DVD Released April 16, 2009
One of the most revered books in 20th century literature, The Diary of Anne Frank is an inspirational yet devastating story. Anne manages to communicate all the joys of youth – the inquisitiveness, the impetuousness, the optimism and the inability to see outside your own frame of reference – despite the atrocities occurring in the world around her. A gifted writer, the tragedy of the story – and one of the many of the Holocaust – is that a young girl with so much hope and potential could be obliterated by the most insidious genocidal regime in history. The great success of this 5-part BBC adaptation is that it lives almost entirely within her world, making the inevitable conclusion all the more powerful.

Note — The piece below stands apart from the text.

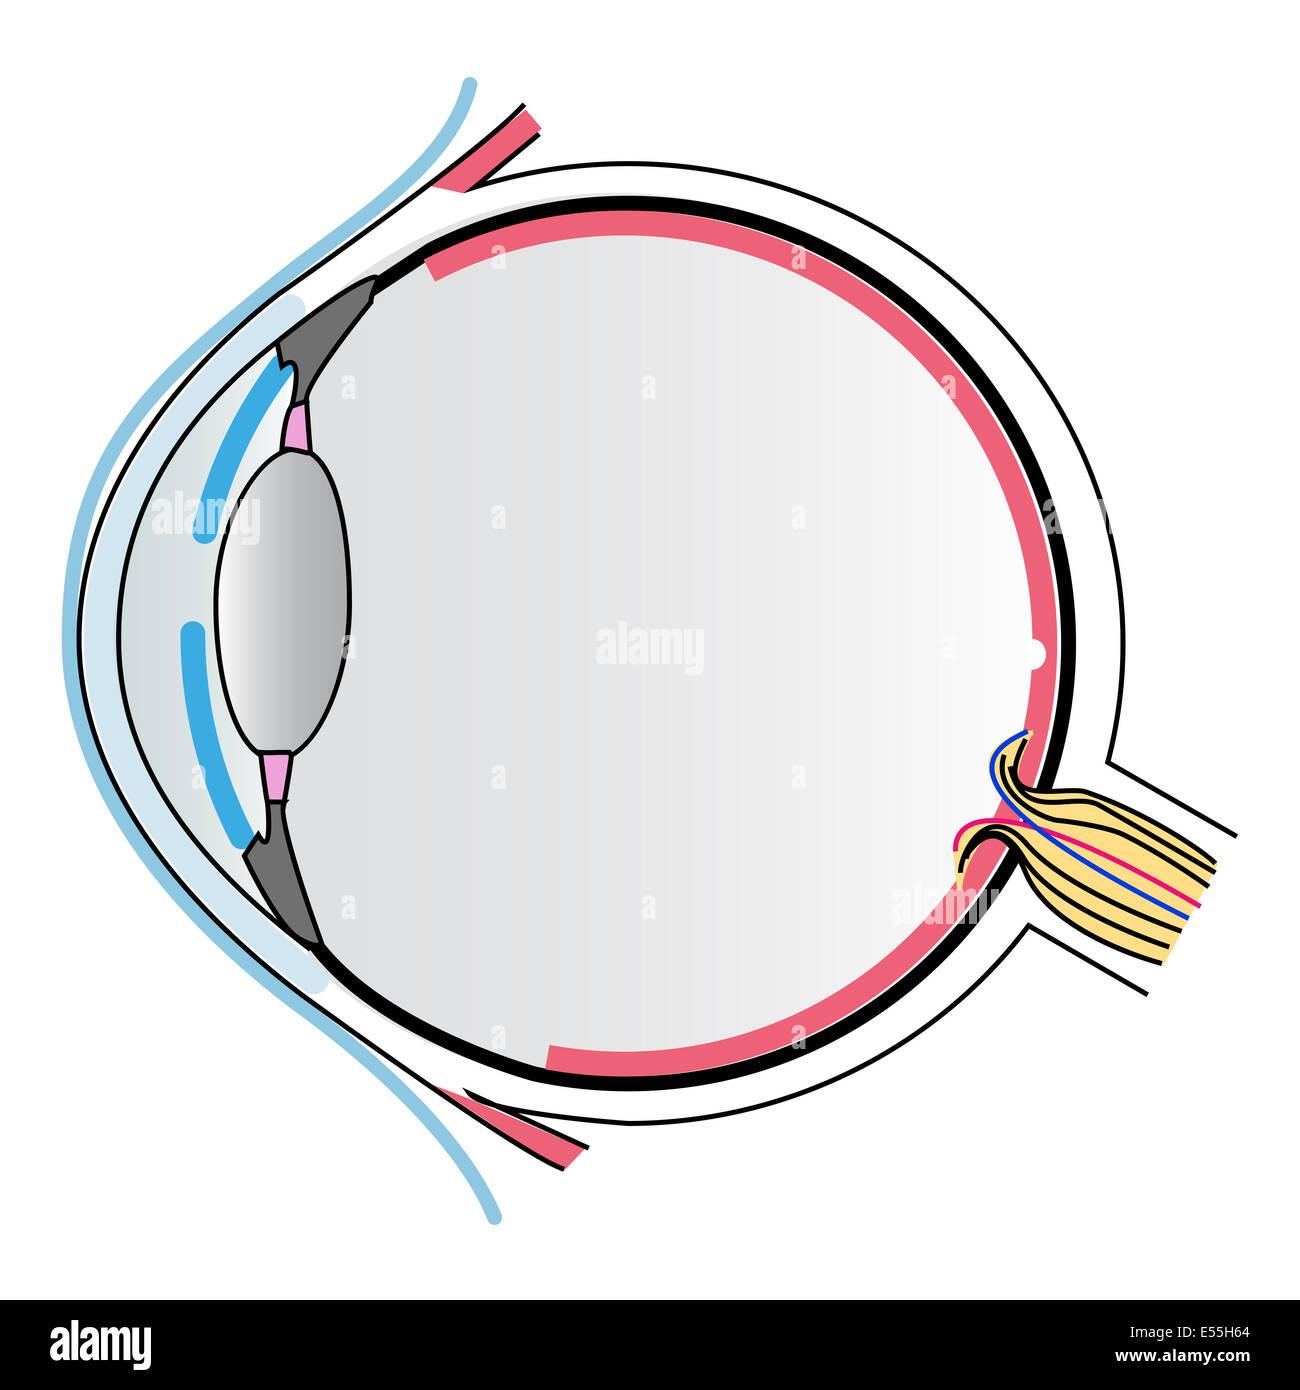 Eye Lens Diagram Stockfotos & Eye Lens Diagram Bilder - Alamy

It’s 1942 and the persecution and deportation of the Jews across mainland Europe is escalating. Anne, 13, her elder sister Margot and her parents, Jews living in Amsterdam, arrange to hide in a secret annex above her father’s old place of business. The secret entrance is hidden behind a large wooden bookcase. They are soon joined by the van Pels family, husband, wife and 16-year old son, Peter, and later by family friend Fritz Pfeffer.
Living in such confined conditions, Anne describes her shifting and frequently strained relationships with her co-inhabitants. Outspoken and confident, she gets on well with her father (Iain Glen) but less so with her more restrained but well-intentioned mother (Black Books and Green Wing’s Tamsin Grieg). She treats Peter with contempt at first, not least because he was able to bring his cat with him and she was not, but later it evolves into something more romantic.

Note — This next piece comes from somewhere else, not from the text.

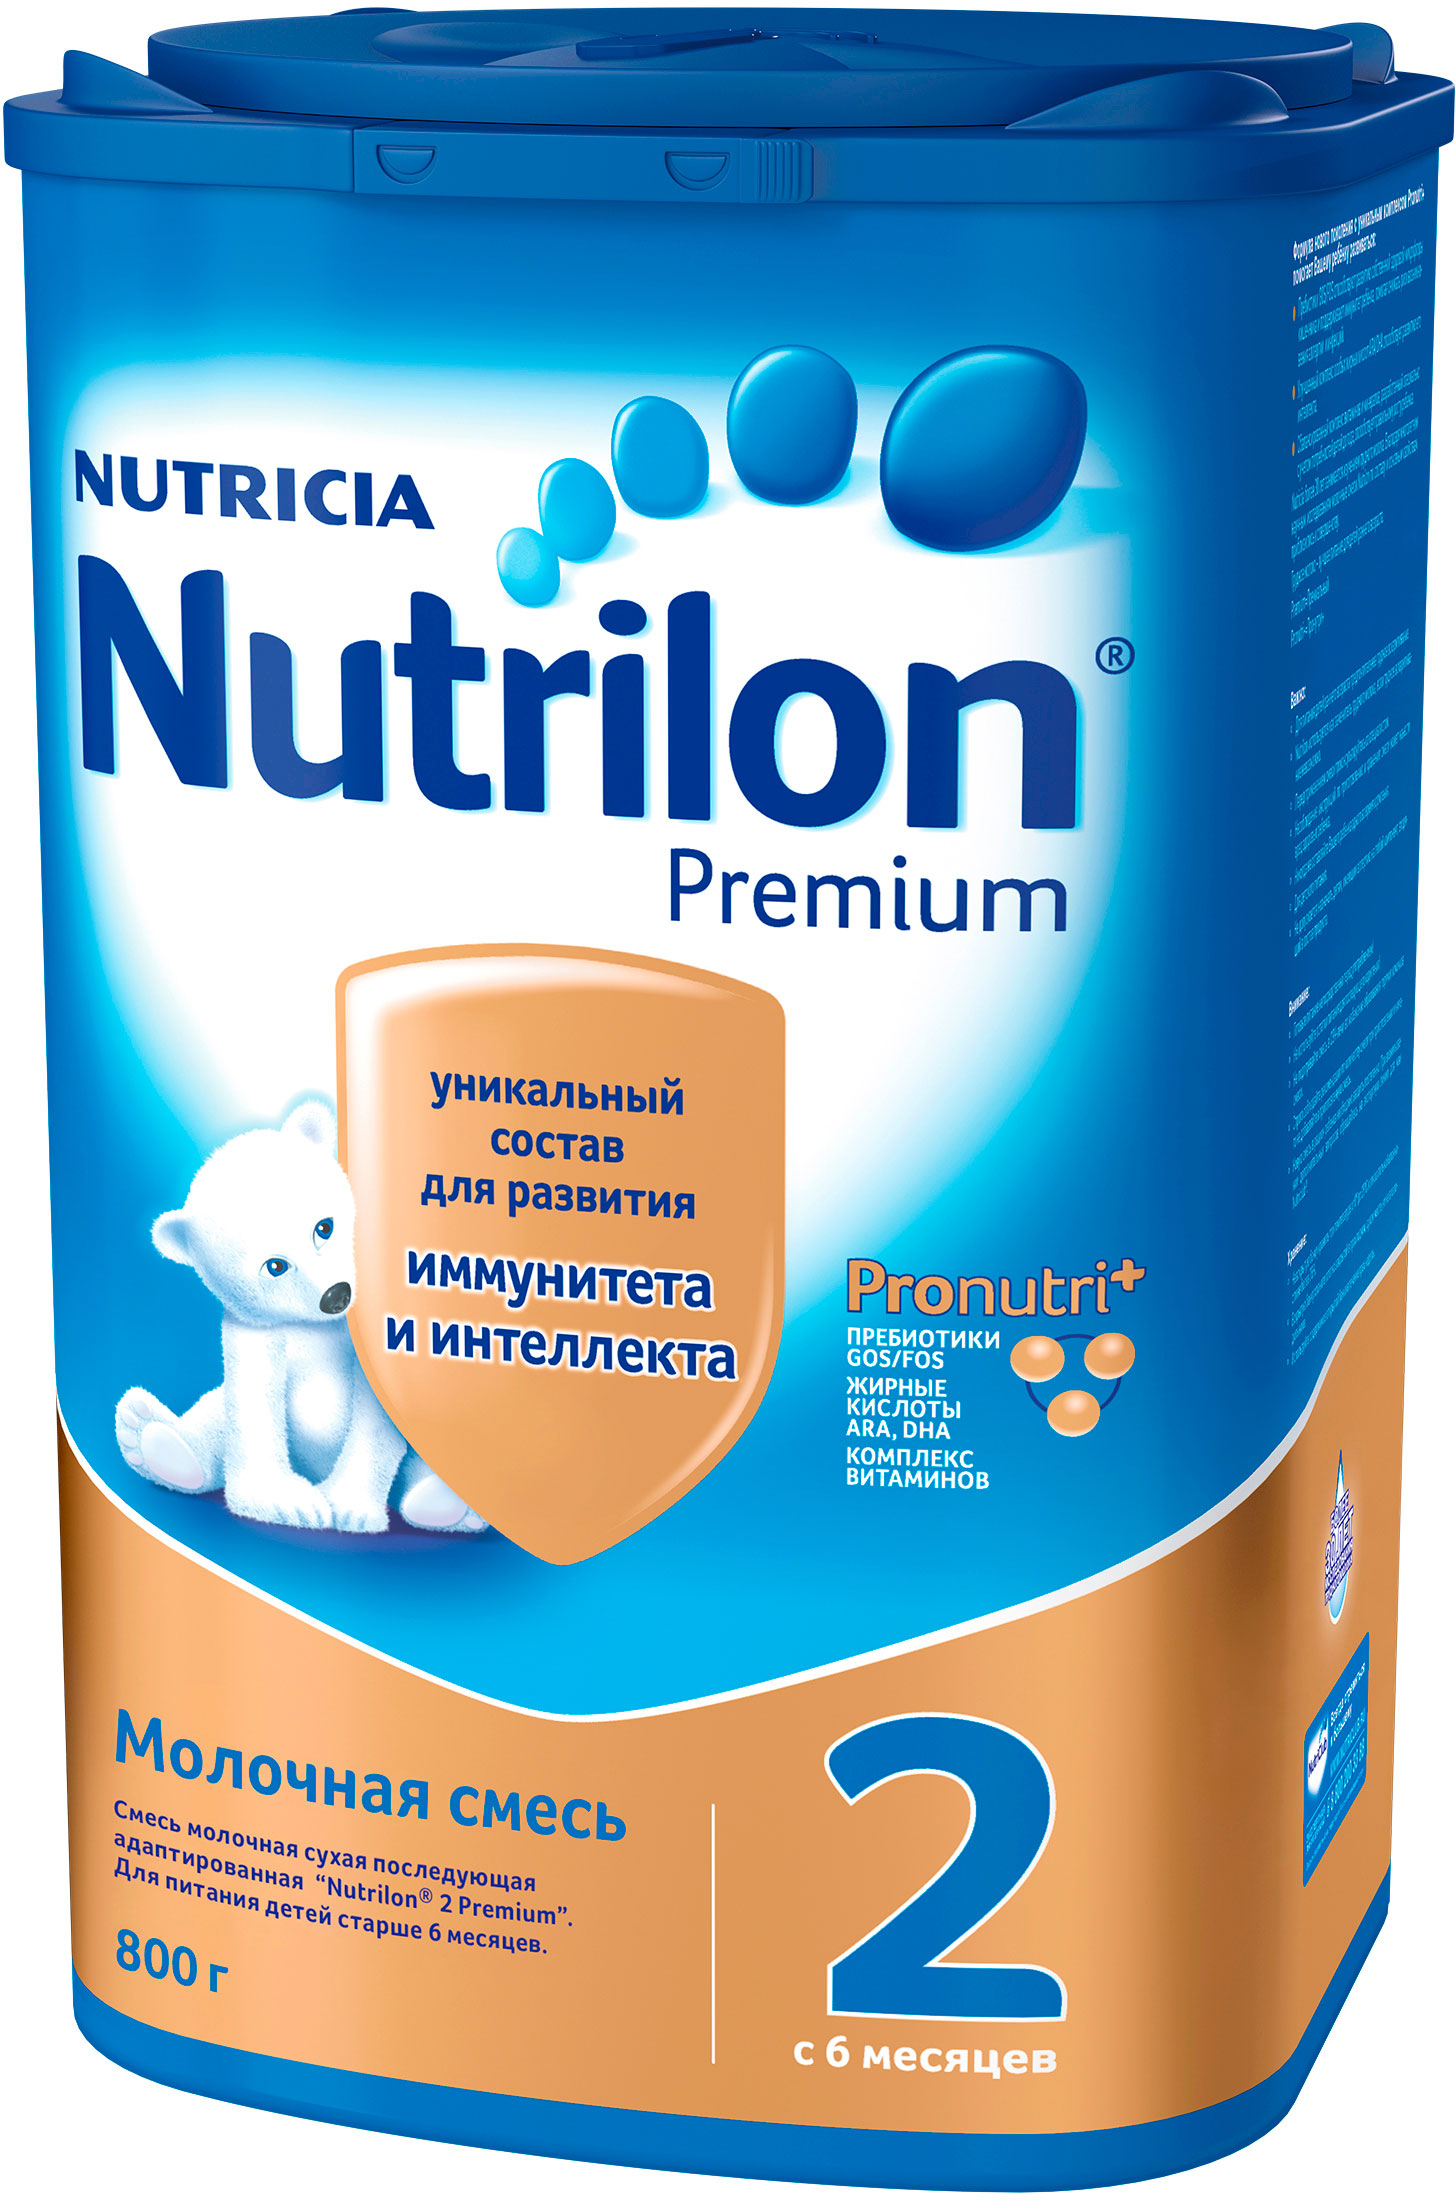 Сухие Nutrilon Nutrilon (Nutricia) 2 Premium (c 6 месяцев) 800 г nutrilon 2 молочная смесь premium с 6 мес 800 г

Over the five half-hour episodes we get close to Anne, played by the extraordinary Ellie Kendrick, who narrates the story through frequent voiceovers which are, for once, necessary and justified. By keeping the production minimal, and telling the story in a straightforward and honest manner (it is not afraid to show the more unsavoury practicalities of living in hiding), the characters remain distinctly human. The cast is uniformly fine and believable and each episode remains remarkably contained and compelling despite, or perhaps because of, the characters’ ultimate fate. Adapted by Deborah Moggach and directed by Jon Jones, this mini series is a very worthy interpretation that can sit alongside the plethora of already existing stage and screen versions.
This single-disc presentation, with good audio and visual quality, also contains a documentary about the “Polish Anne Frank”, Rutka Laskier, whose diary about her captivity in the Bedzin Ghetto was only recently released to the public.